## Extracted material
/---

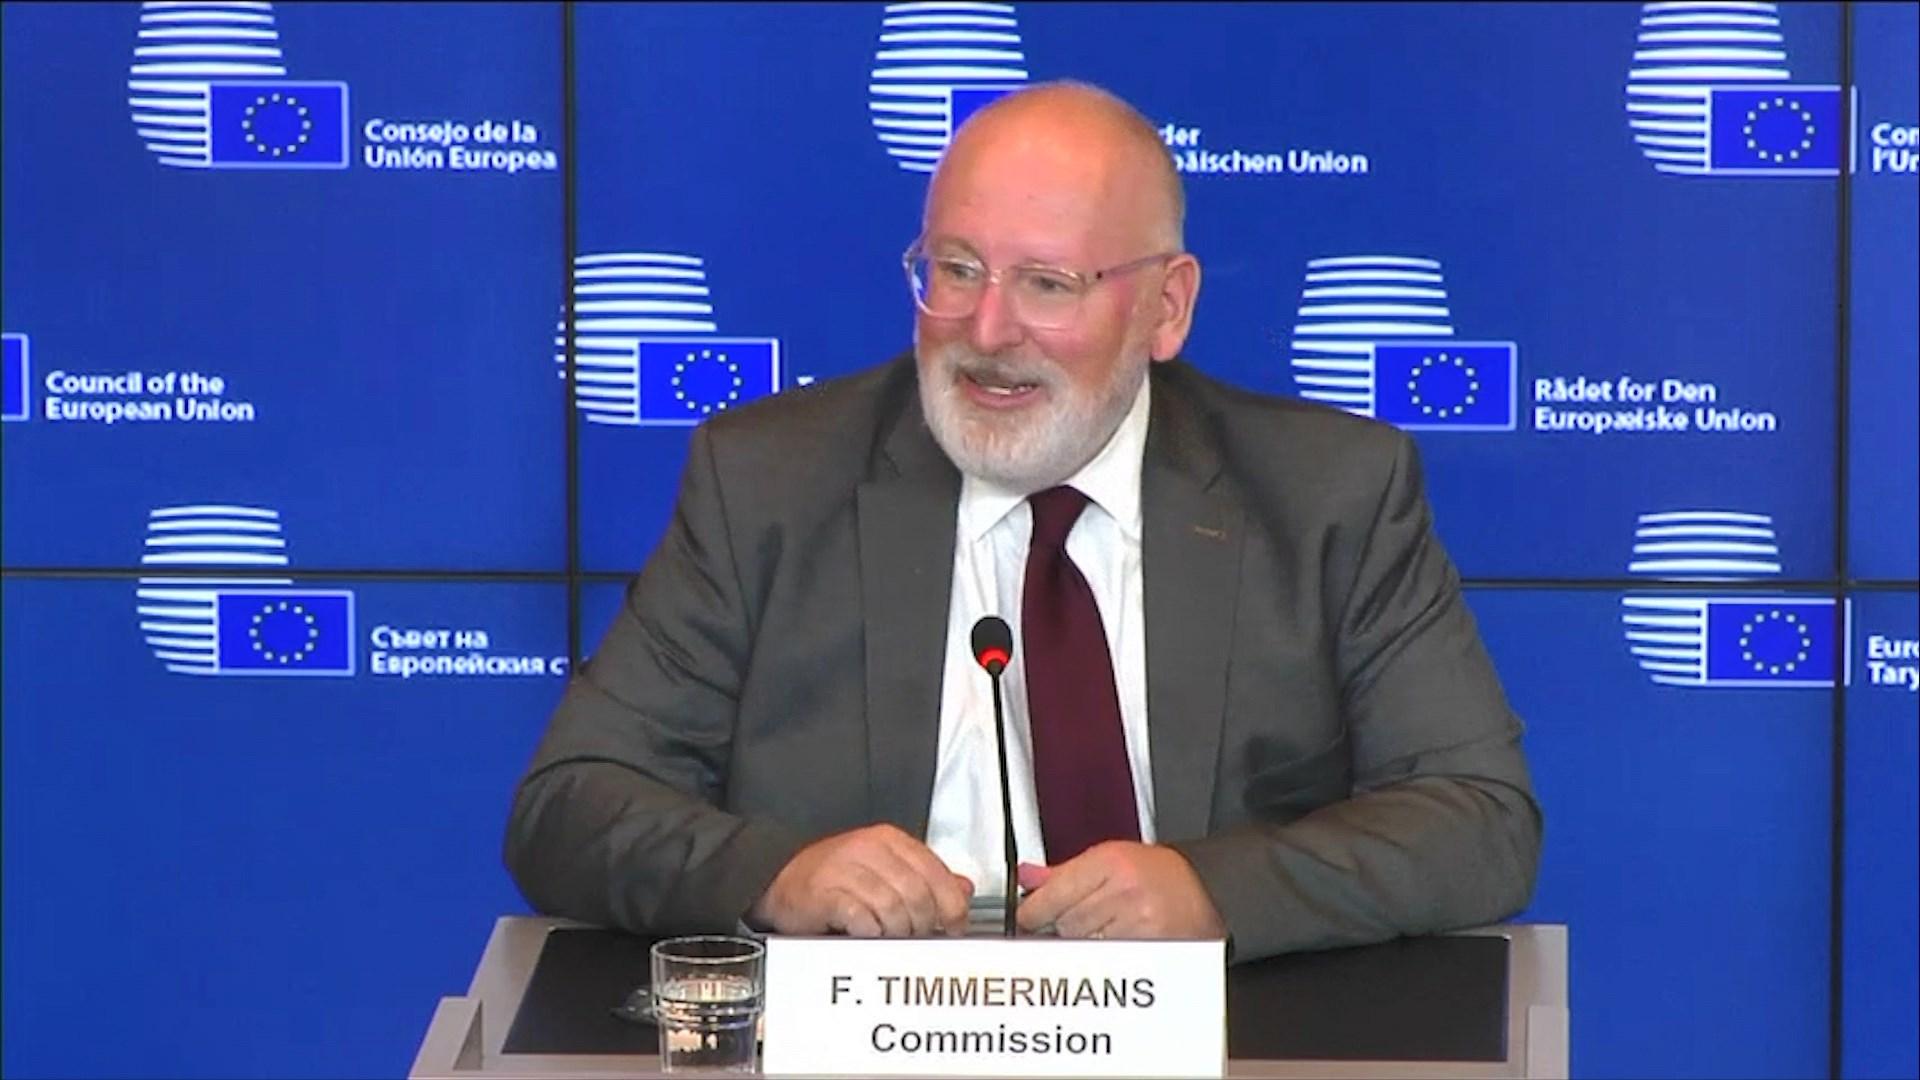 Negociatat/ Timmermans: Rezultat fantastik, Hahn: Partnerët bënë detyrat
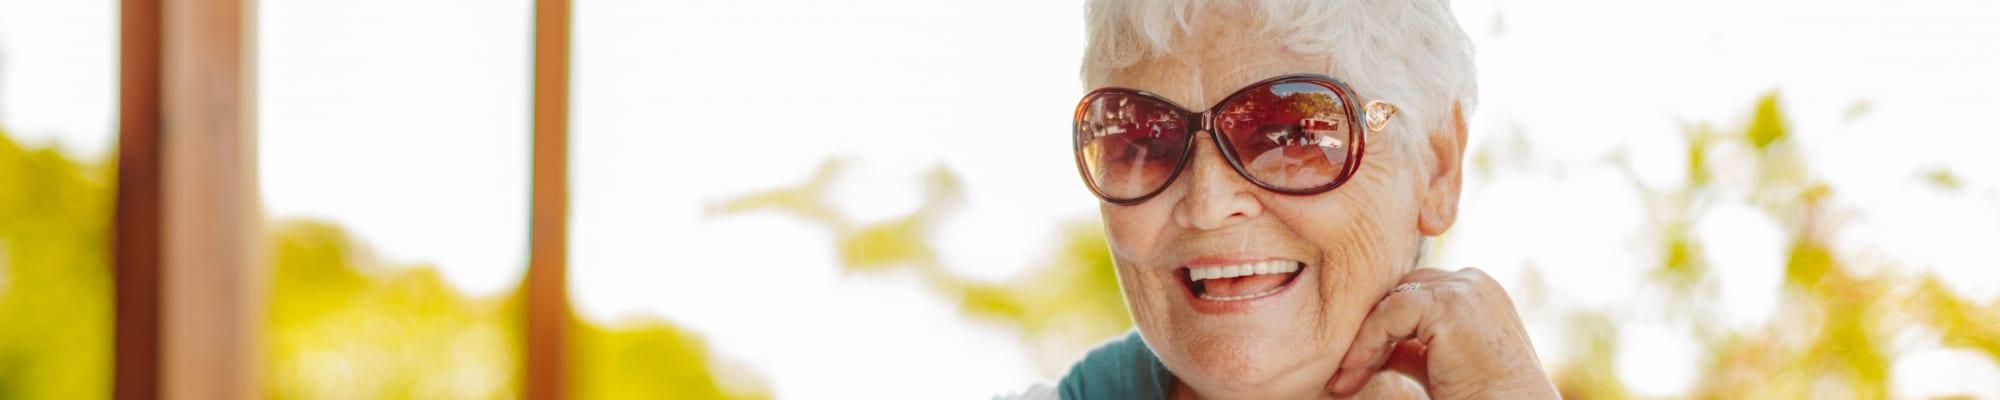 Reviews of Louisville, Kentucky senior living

\---
/---

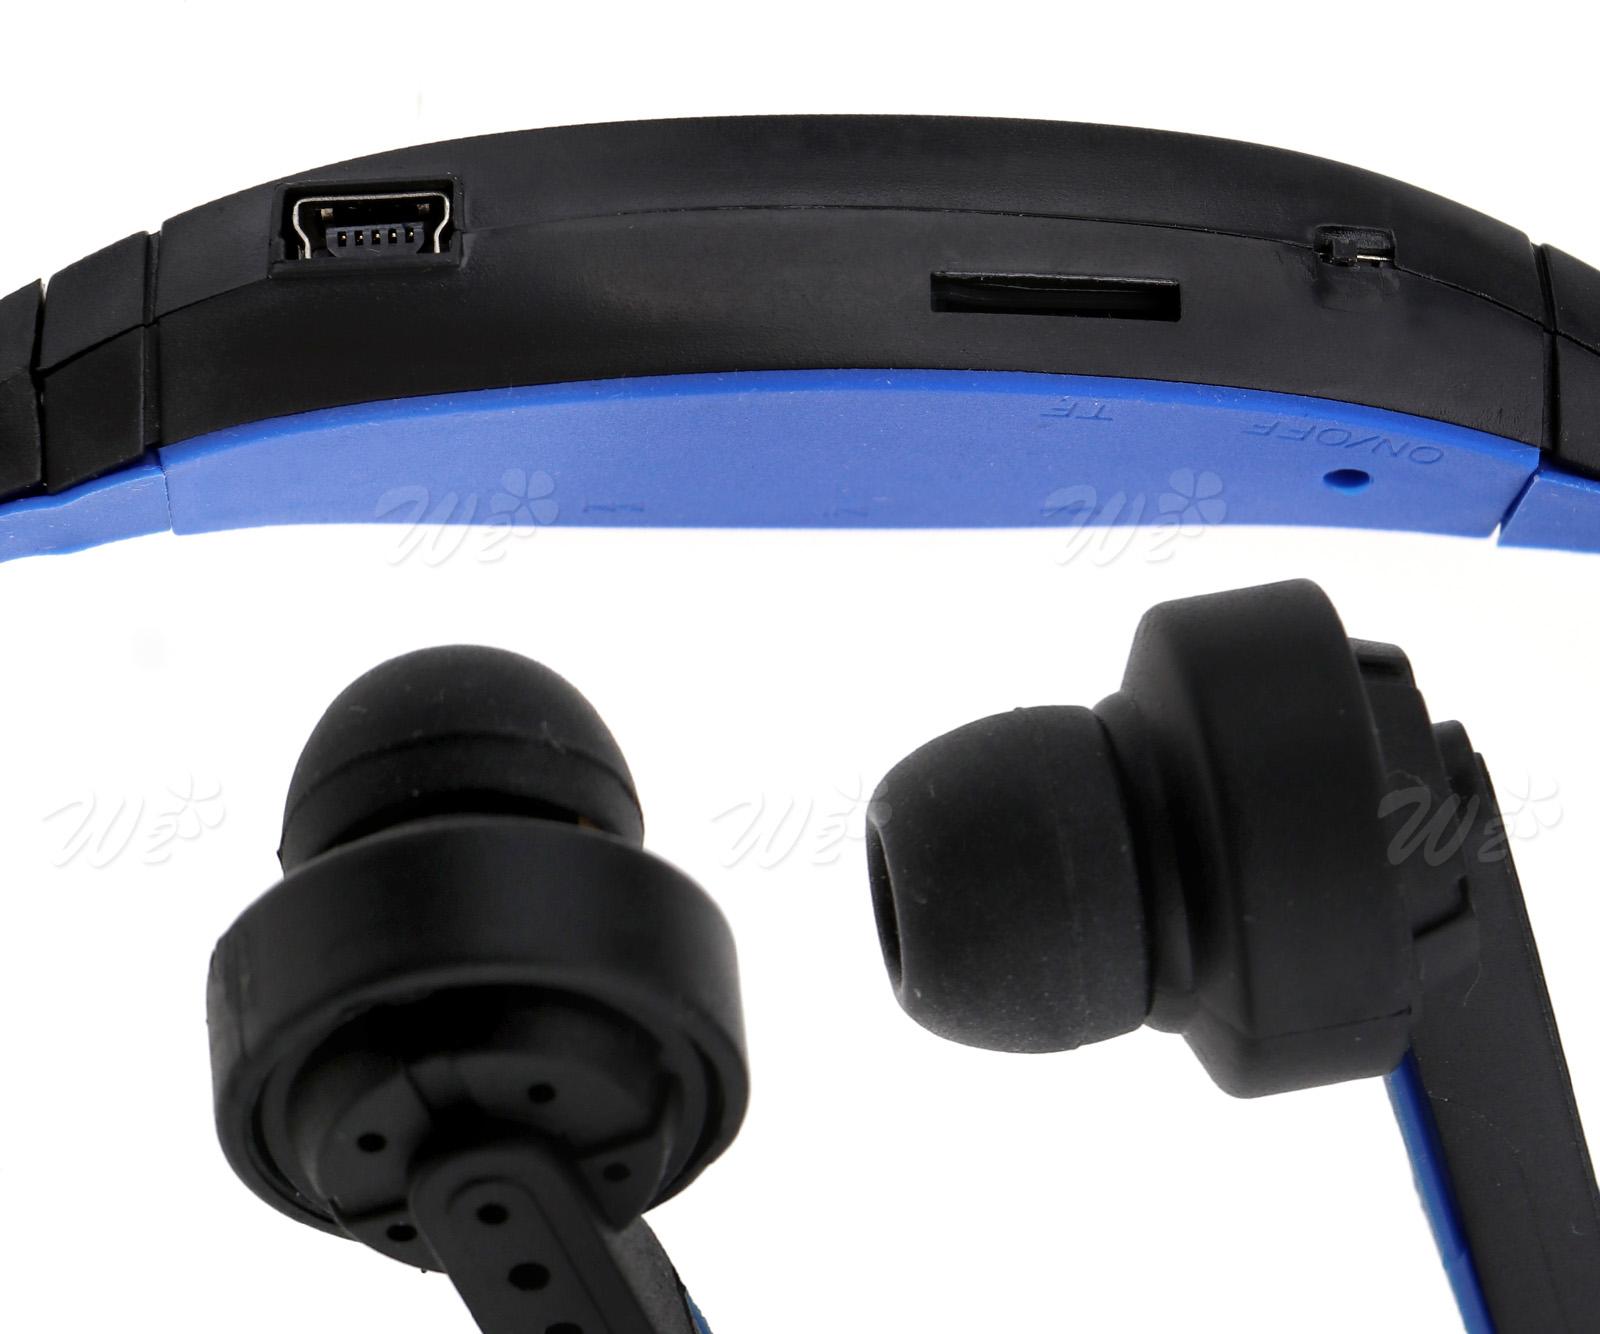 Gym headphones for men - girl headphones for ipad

\---

## Problem requirements
Nothing but the lines from the one containing "Negociatat/ Timmermans: Rezultat" through the one containing "Reviews of Louisville, Kentucky" should appear, copied exactly from the material above and without pictures.

## Output below
 Negociatat/ Timmermans: Rezultat fantastik, Hahn: Partnerët bënë detyrat
 Reviews of Louisville, Kentucky senior living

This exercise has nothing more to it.